• **Work to complete**:
Determine the count of lines in the following entries that contain the string "Century". Write only the number.

• **Materials provided**:
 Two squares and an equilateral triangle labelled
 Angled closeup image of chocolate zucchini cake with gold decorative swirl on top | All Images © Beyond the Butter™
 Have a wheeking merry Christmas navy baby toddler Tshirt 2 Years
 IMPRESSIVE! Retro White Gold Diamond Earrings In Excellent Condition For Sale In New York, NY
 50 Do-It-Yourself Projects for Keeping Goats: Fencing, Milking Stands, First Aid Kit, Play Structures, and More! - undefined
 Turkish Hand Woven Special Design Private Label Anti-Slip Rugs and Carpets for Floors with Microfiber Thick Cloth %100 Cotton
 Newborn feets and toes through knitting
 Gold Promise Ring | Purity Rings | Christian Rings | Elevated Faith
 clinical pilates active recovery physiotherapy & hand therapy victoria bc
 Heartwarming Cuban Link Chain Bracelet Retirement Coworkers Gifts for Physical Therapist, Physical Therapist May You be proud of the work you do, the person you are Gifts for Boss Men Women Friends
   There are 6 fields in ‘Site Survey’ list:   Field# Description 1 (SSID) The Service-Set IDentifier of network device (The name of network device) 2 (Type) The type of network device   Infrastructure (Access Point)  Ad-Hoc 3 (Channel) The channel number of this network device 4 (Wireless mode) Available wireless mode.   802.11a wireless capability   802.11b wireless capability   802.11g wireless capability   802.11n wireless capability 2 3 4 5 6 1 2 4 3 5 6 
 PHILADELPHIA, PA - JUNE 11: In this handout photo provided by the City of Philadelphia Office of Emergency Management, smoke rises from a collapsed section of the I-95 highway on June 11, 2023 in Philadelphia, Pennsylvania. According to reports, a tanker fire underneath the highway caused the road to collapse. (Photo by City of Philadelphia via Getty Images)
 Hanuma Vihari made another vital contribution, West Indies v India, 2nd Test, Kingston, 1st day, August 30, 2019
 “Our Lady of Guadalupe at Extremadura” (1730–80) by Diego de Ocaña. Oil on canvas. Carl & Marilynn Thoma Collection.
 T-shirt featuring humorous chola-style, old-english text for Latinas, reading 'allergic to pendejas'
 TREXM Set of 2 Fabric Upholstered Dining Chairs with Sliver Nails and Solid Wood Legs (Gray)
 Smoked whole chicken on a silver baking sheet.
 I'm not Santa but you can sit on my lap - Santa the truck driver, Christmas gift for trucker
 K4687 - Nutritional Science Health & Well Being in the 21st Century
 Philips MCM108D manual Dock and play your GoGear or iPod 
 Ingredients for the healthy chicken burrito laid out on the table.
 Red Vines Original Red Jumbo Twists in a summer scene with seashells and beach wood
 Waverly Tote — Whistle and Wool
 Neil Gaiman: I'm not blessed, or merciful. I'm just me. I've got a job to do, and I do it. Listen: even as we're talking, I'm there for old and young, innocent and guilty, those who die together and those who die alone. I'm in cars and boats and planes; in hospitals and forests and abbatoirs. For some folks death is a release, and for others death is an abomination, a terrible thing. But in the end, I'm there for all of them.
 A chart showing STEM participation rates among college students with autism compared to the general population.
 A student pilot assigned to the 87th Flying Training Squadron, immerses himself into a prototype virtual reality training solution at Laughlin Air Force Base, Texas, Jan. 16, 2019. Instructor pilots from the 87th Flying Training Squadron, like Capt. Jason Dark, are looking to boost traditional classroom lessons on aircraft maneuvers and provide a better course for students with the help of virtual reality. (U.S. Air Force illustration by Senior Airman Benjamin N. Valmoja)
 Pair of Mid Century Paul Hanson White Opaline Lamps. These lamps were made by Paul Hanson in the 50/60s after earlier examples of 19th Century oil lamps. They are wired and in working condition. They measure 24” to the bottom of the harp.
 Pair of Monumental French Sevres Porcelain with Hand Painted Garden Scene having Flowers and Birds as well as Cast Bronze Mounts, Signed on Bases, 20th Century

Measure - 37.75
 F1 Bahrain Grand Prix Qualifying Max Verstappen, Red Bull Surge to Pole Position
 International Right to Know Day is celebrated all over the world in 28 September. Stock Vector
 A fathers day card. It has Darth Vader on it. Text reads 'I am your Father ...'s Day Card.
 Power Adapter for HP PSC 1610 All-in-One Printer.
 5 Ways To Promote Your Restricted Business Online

• **Response to the exercise**:
3